**What to do:** Given the records underneath, please repeat exactly the lines from the line with "vision senses and" through the line with "ALDO Suede 'aurella' Ankle Boots in", passing over any picture.
**** Data for processing
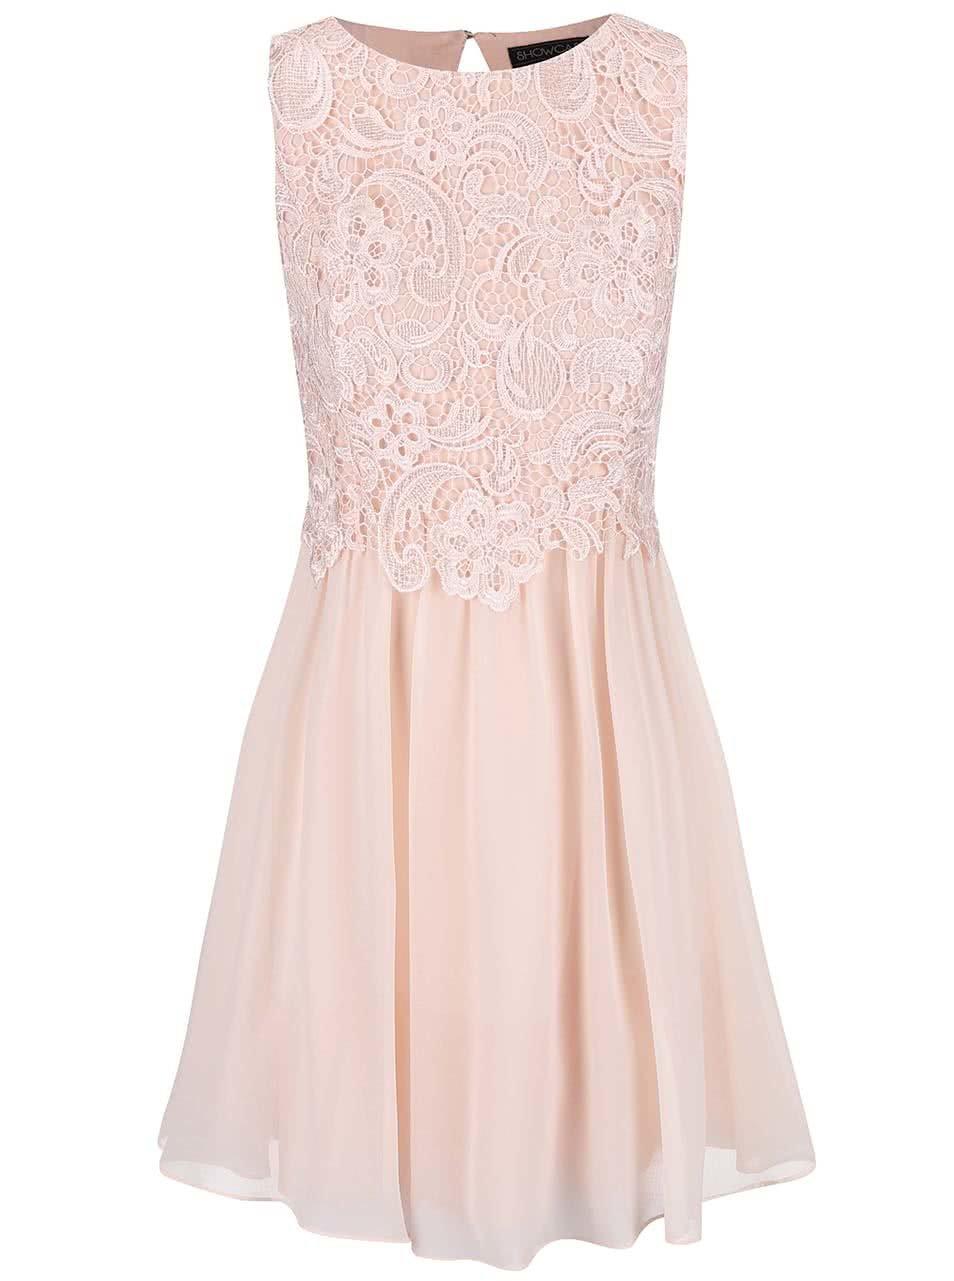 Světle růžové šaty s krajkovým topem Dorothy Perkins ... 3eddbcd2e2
********
**** Data for processing
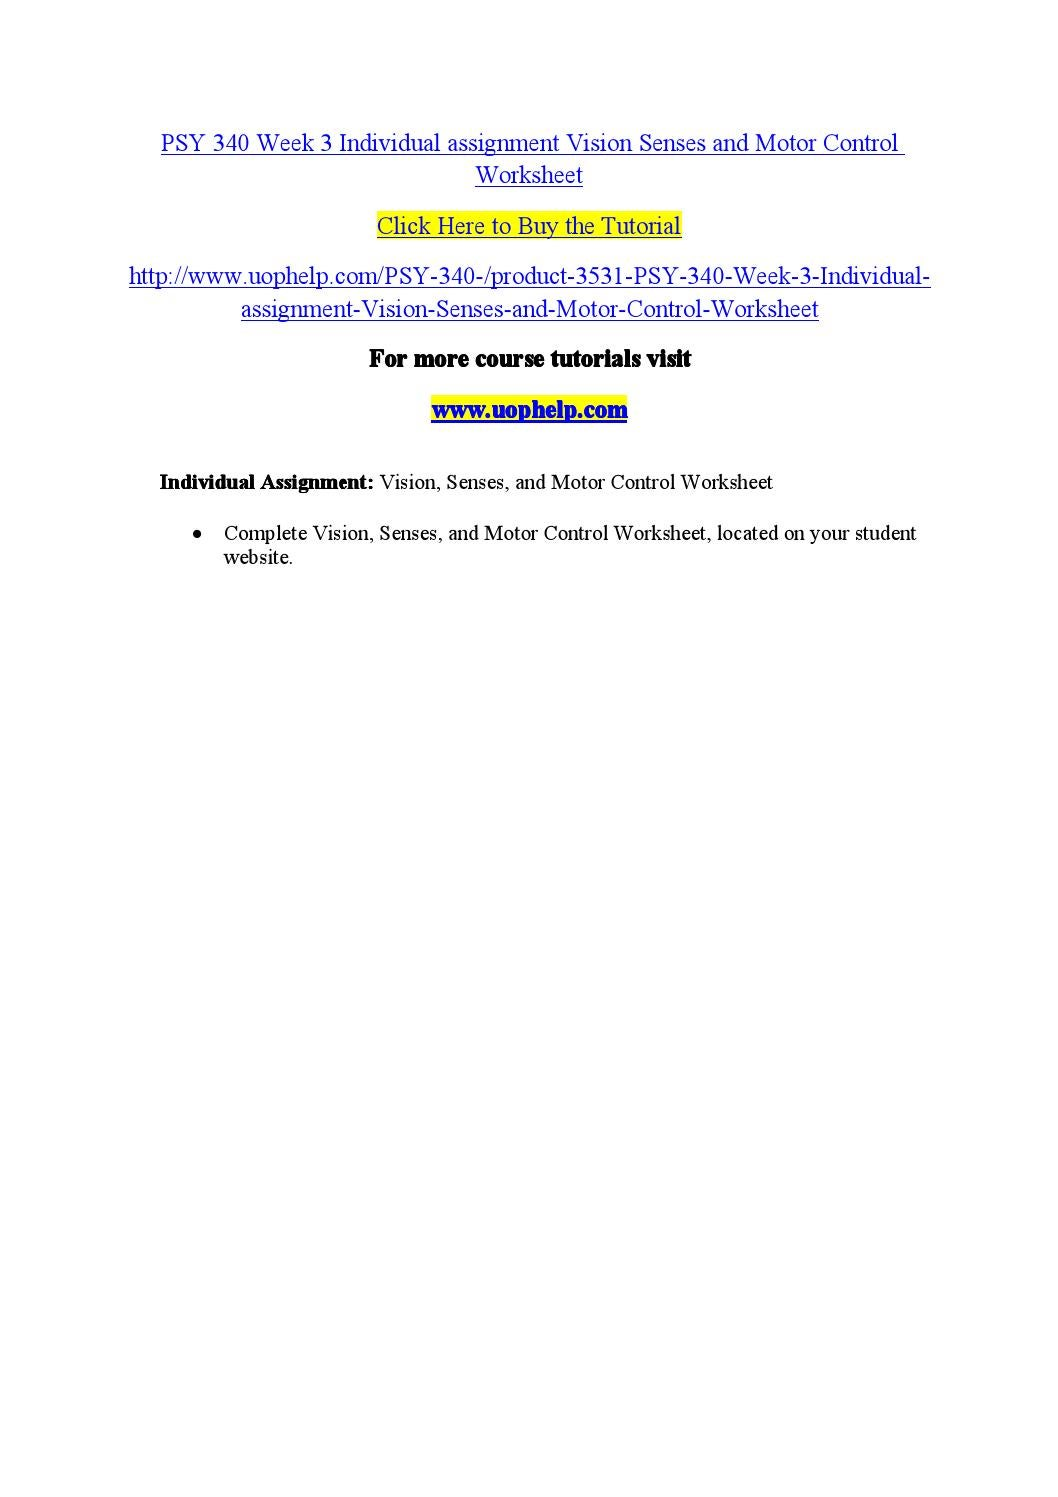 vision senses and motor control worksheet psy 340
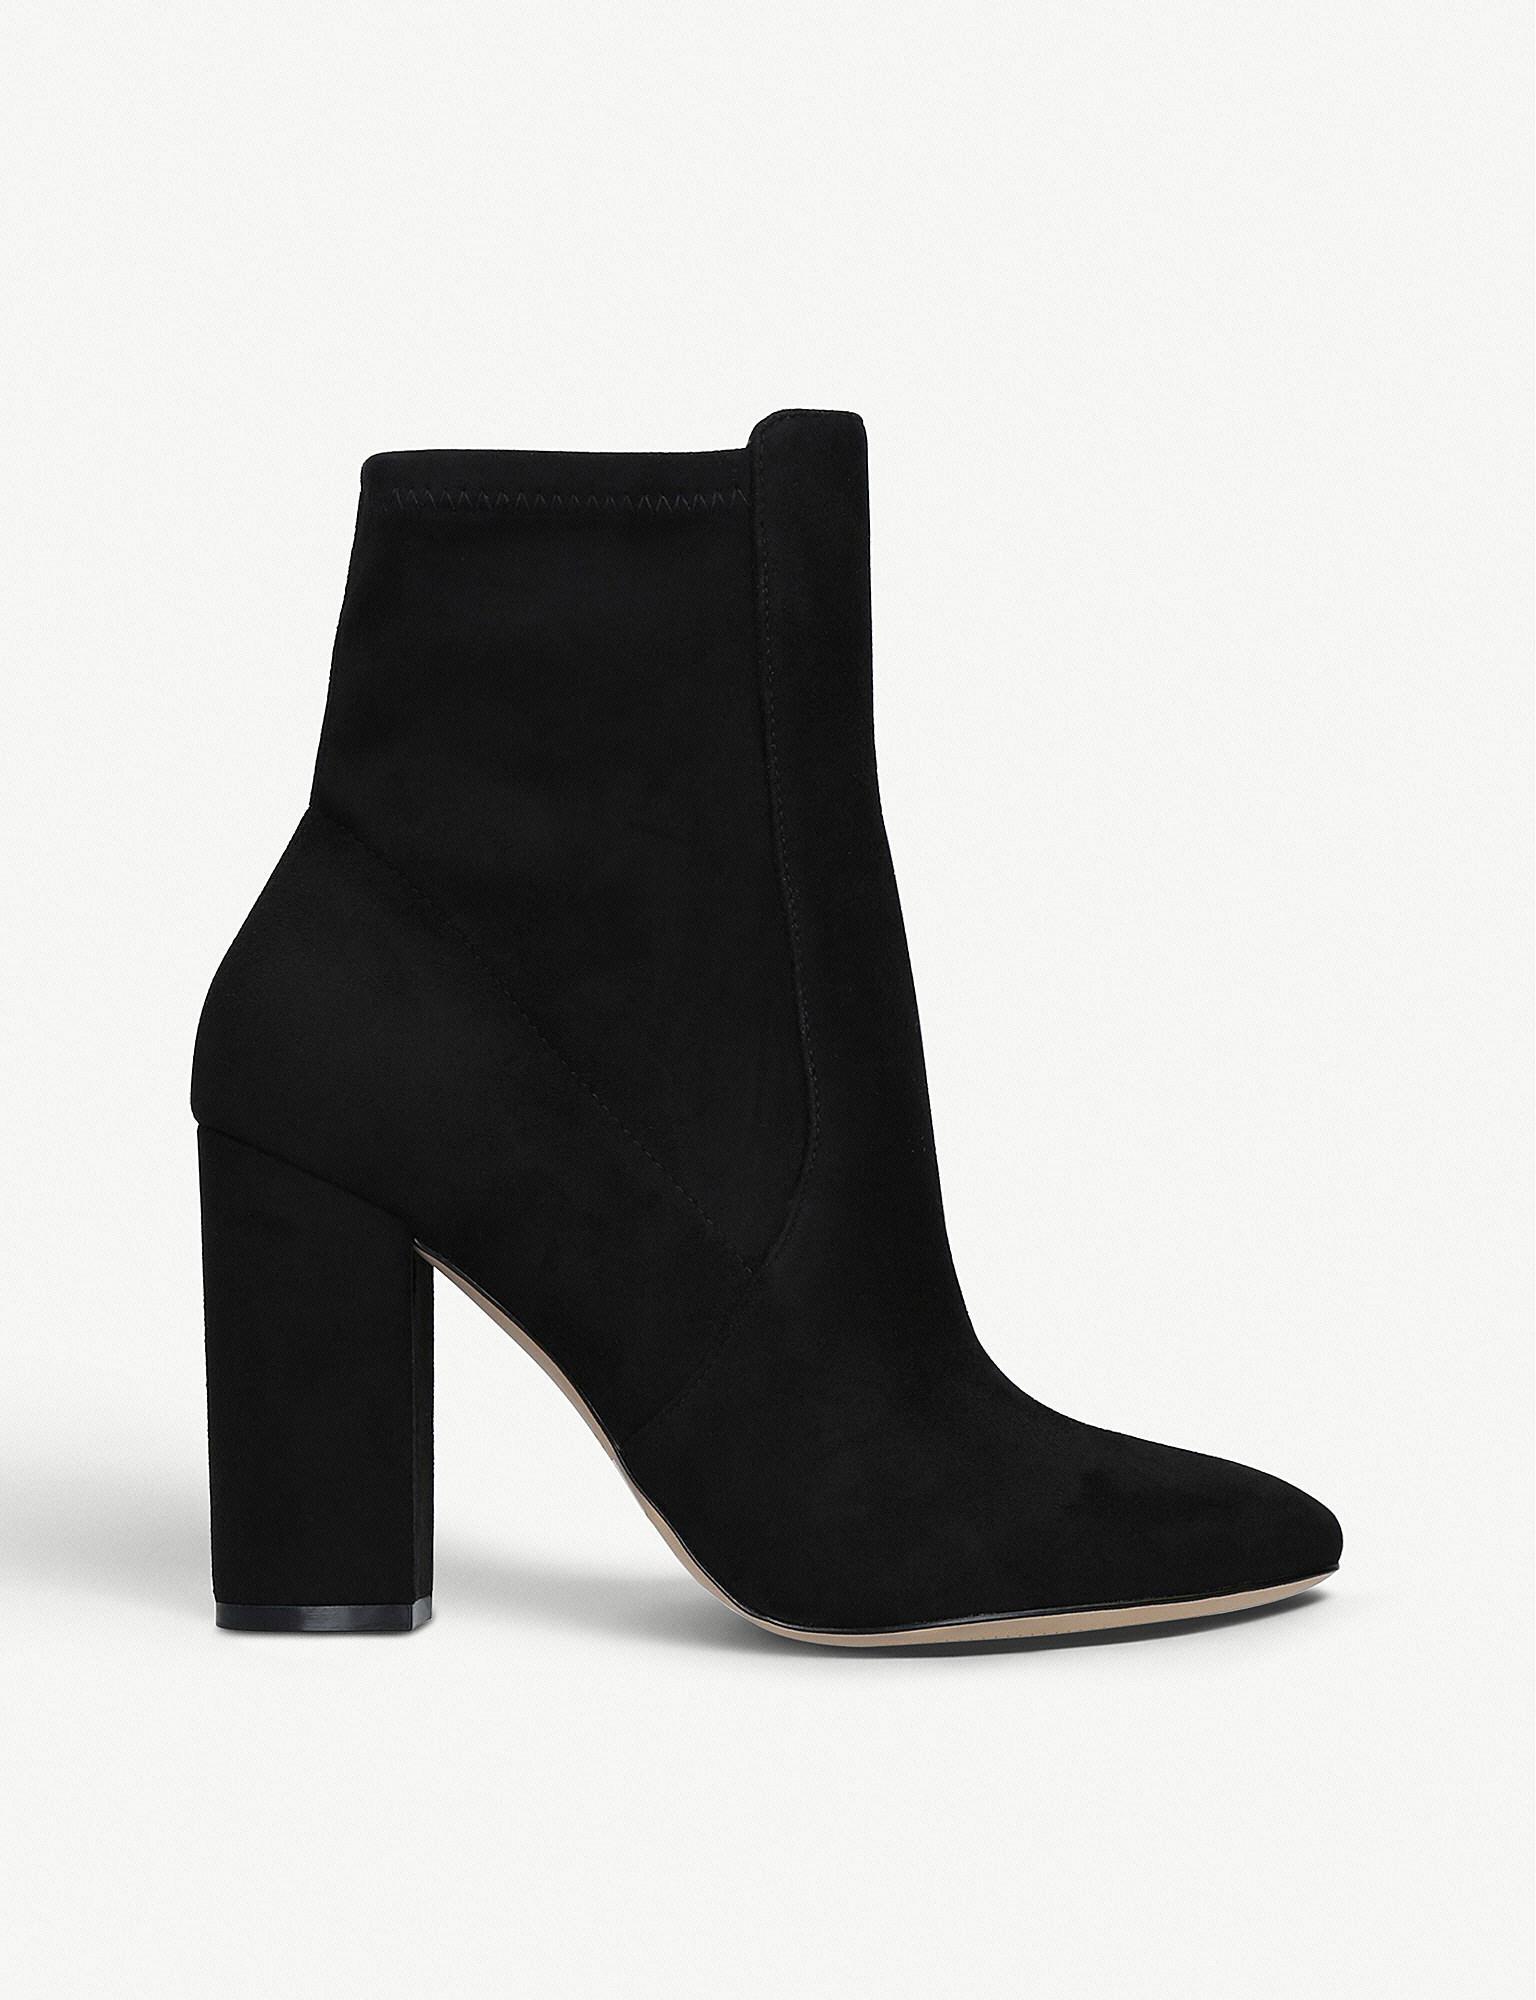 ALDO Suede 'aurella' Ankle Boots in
********
**Answer space:**
 vision senses and motor control worksheet psy 340
 ALDO Suede 'aurella' Ankle Boots in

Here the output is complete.